The Utah study, conducted by Utah state and federal agencies and three universities, collected data on pollutants last winter. The study said that ozone formation occurs in the region in about half of winter seasons, with severe ozone occurring about one year in four. It said that transport of ozone-producing chemicals from outside the Uinta Basin “is not likely to represent a major contribution to peak ozone events.”

At the press conference announcing the study results, the deputy director of Utah’s Air Quality Administration said ozone levels this year have at times exceeded 130 parts per billion in the basin, far above the 75 parts per billion level considered a health hazard by EPA.

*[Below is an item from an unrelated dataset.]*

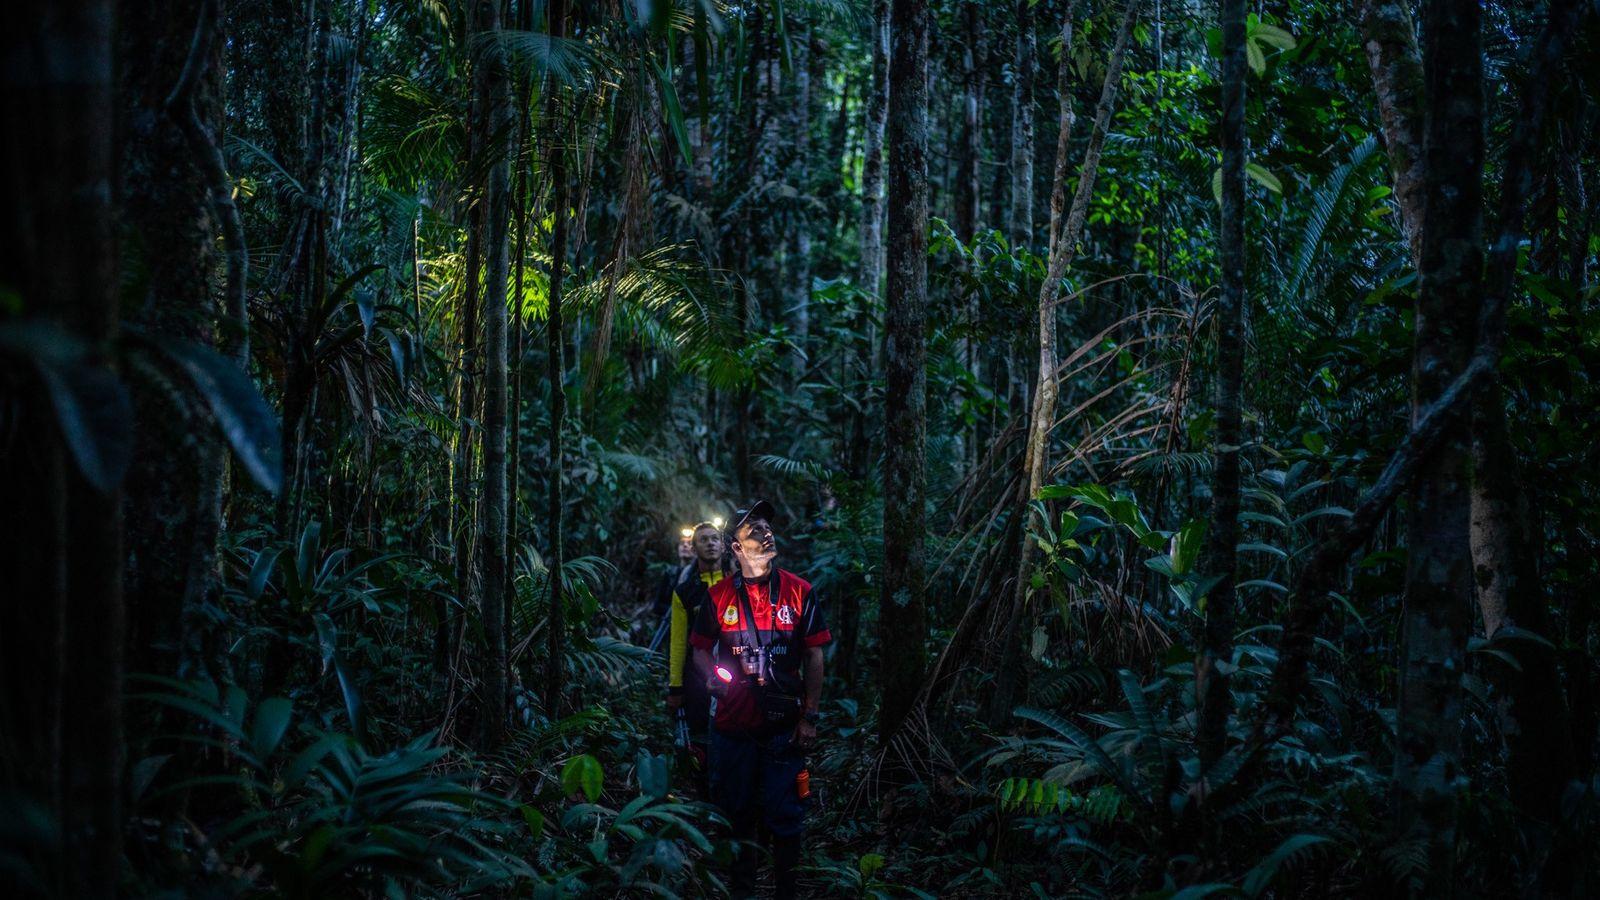 Ein Team aus Wissenschaftlern sucht in einem abgelegenen kolumbianischen Regenwald nach Eulen. Nach Jahrzehnten des Konflikts ...

The Utah study follows a recent investigation into ozone in Colorado which found that more than half of the ozone producing chemicals came from oil and gas operations in a community in Weld County, a region that has nearly 20,000 operating oil and gas wells.

Ozone has been a frequent problem during summer months in urban areas of the United States. Wintertime ozone in heavily developed oil and gas regions of the West, including northeastern Utah and western Wyoming, is a relatively new phenomenon fueled in part by snow cover that reflects sunlight and temperature inversions.

The Utah study said that new rules from the EPA requiring so-called “green completions” of oil and gas wells will reduce emissions of VOC’s. A study sponsored by the oil and gas industry criticized that effort, contending it would sharply reduce production.

The Utah study also recommended additional studies to develop ways of reducing ozone in the Uinta Basin. But Brock LeBaron, the deputy head of the state air quality administration, said the state plans no new regulations on the oil and gas industry, favoring instead voluntary steps by energy developers.

“Right now we’re not passing any new rules or regulations,” LeBaron said, according to a report in E&E’s Energy Wire. “We’re not saying you have to control these VOCs from this piece of equipment.”

Tom Kenworthy is a Senior Fellow at the Center for American Progress Action Fund.